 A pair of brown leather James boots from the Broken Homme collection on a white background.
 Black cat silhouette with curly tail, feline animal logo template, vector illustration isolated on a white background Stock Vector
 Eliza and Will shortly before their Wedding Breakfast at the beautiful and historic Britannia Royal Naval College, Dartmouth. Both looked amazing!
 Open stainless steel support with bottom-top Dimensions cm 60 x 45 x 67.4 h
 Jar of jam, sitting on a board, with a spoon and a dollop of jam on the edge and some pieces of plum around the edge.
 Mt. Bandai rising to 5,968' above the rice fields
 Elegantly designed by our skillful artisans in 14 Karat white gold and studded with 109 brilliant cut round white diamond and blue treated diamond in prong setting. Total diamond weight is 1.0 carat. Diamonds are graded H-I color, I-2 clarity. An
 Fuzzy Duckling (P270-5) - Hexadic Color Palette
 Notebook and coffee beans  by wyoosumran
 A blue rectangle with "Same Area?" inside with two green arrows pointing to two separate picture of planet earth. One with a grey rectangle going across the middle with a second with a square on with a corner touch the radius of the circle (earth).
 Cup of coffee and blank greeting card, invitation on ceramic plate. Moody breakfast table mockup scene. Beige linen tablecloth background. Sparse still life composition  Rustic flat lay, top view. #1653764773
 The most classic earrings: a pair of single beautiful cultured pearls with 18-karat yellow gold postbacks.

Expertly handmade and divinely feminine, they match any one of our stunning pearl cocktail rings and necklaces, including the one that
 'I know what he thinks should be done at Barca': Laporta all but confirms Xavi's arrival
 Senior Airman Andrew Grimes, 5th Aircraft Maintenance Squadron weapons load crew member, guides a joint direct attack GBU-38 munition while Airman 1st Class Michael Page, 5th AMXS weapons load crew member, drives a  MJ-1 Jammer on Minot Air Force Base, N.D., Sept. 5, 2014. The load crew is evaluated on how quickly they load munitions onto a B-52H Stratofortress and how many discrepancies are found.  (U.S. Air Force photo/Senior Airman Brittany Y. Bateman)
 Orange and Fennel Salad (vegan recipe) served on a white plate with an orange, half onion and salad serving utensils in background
——
Please retype all of the material above, keeping it exact.

- SOLUTION BELOW:
 A pair of brown leather James boots from the Broken Homme collection on a white background.
 Black cat silhouette with curly tail, feline animal logo template, vector illustration isolated on a white background Stock Vector
 Eliza and Will shortly before their Wedding Breakfast at the beautiful and historic Britannia Royal Naval College, Dartmouth. Both looked amazing!
 Open stainless steel support with bottom-top Dimensions cm 60 x 45 x 67.4 h
 Jar of jam, sitting on a board, with a spoon and a dollop of jam on the edge and some pieces of plum around the edge.
 Mt. Bandai rising to 5,968' above the rice fields
 Elegantly designed by our skillful artisans in 14 Karat white gold and studded with 109 brilliant cut round white diamond and blue treated diamond in prong setting. Total diamond weight is 1.0 carat. Diamonds are graded H-I color, I-2 clarity. An
 Fuzzy Duckling (P270-5) - Hexadic Color Palette
 Notebook and coffee beans  by wyoosumran
 A blue rectangle with "Same Area?" inside with two green arrows pointing to two separate picture of planet earth. One with a grey rectangle going across the middle with a second with a square on with a corner touch the radius of the circle (earth).
 Cup of coffee and blank greeting card, invitation on ceramic plate. Moody breakfast table mockup scene. Beige linen tablecloth background. Sparse still life composition  Rustic flat lay, top view. #1653764773
 The most classic earrings: a pair of single beautiful cultured pearls with 18-karat yellow gold postbacks.

Expertly handmade and divinely feminine, they match any one of our stunning pearl cocktail rings and necklaces, including the one that
 'I know what he thinks should be done at Barca': Laporta all but confirms Xavi's arrival
 Senior Airman Andrew Grimes, 5th Aircraft Maintenance Squadron weapons load crew member, guides a joint direct attack GBU-38 munition while Airman 1st Class Michael Page, 5th AMXS weapons load crew member, drives a  MJ-1 Jammer on Minot Air Force Base, N.D., Sept. 5, 2014. The load crew is evaluated on how quickly they load munitions onto a B-52H Stratofortress and how many discrepancies are found.  (U.S. Air Force photo/Senior Airman Brittany Y. Bateman)
 Orange and Fennel Salad (vegan recipe) served on a white plate with an orange, half onion and salad serving utensils in background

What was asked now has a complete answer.